Arretramento gestito

Mia cara Berenice,

la pandemia ci ha ormai abituato a considerare un modello la Nuova Zelanda del Primo Ministro Jacinta Ardern.

In un primo momento il Dominio del Commonwealth, in cui la Regina Elisabetta è rappresentata dal Governatore Generale Dame Cindy Kiro, ha applicato con successo la politica del COVID zero, indubbiamente con l’aiuto della sua geografia insulare e a prezzo di un isolamento pressoché totale dal mondo esterno, almeno per le persone fisiche.

In seguito, con l’apparire di varianti sempre più contagiose, ha avuto l’intelligenza di abbandonare tale politica, su cui si sta invece intestardendo la Cina.

Ora, come riporta l’edizione italiana dell’Huffington Post, il Governo ha adottato un piano di reazione al cambiamento climatico che ha il non piccolo merito di mettere nero su bianco le cattive notizie, ossia di prevedere, seppure come extrema ratio, il cosiddetto “arretramento gestito”. In pratica, città e insediamenti costieri che non sia possibile salvare dall’innalzamento delle acque né con dighe né con altre soluzioni saranno ordinatamente ricollocati più all’interno: un provvedimento già adottato di recente, su piccolissima scala, per sedici nuclei familiari a Makata.

Come si può immaginare, non è stata un’esperienza felice e anche il piano del Governo non è stato esente da critiche; in particolare, non affronterebbe, se non in termini vaghi, il nodo del riparto dei costi di eventuali futuri arretramenti gestiti.

Eppure la presa di posizione del Governo neozelandese risulta coraggiosa, almeno vista da un’Europa in cui sembra si eviti accuratamente di evocare gli scenari peggiori dell’evolversi del cambiamento climatico – non escludo peraltro che possa essere una corretta strategia comunicativa, gli appelli apocalittici o millenaristici tendono a far ritrarre istintivamente i destinatari e forse anche a pregiudicare la lucidità dei decisori.

A utilizzare i toni più drammatici è, comprensibilmente, il Governo delle Maldive, salito agli onori della cronaca per aver tenuto provocatoriamente un Consiglio dei Ministri sott’acqua.

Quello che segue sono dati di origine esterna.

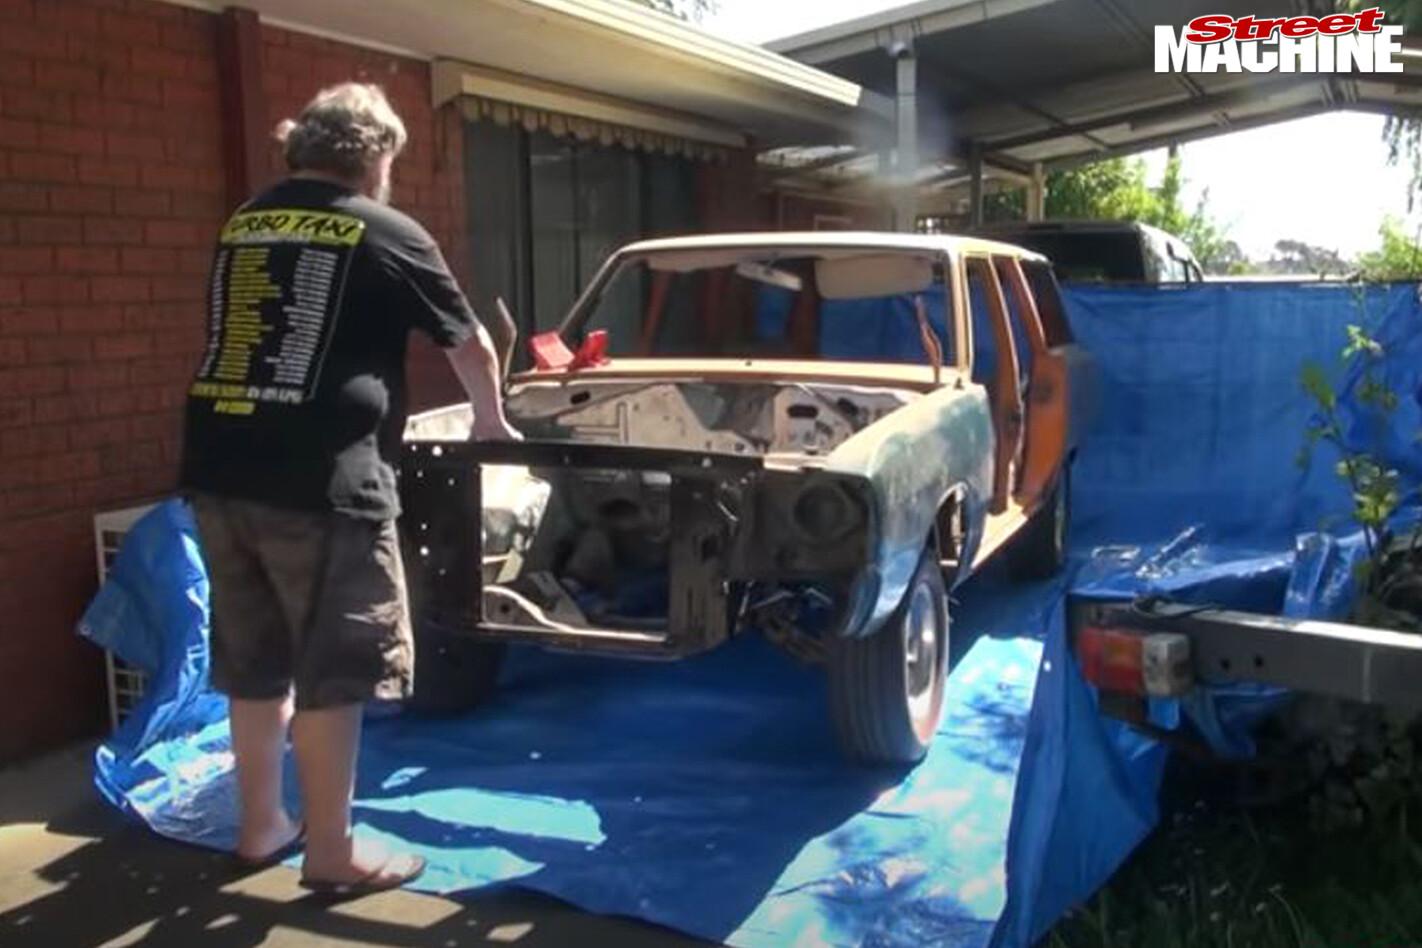 Street Machine TV Sandblasting Ve Valiant Wagon 3

Secondo il National Geographic, le contromisure ipotizzate dall’ex Sultanato vanno dalla costruzione di cinquemila case galleggianti a quella di un’isola rialzata artificiale, fino ad arrivare a un esodo di massa in Australia.

Non stupisce la maggiore freddezza dei Paesi Bassi, una Nazione che gestisce la propria condizione geografica depressa da secoli. Secondo Politico, il Governo dell’Aja, pur non escludendo l’arretramento gestito, si riserva un ampio ventaglio di opzioni, comprese alcune aggressive, ossia basate sullo strappare ulteriore terra al mare, creando una sorta di zona cuscinetto come negli armistizi. Niente panico, insomma, tanto che, secondo la ricercatrice Marjolijn Haasnoot, non ci saranno nei Paesi Bassi arretramenti gestiti nei prossimi cento anni.

Il rovescio della medaglia di questo sangue freddo è che L’Aja non si sta impegnando troppo febbrilmente per ridurre le emissioni e anche l’opinione pubblica olandese si è mostrata poco sensibile all’argomento.

Un saluto dai miei pattini d’argento.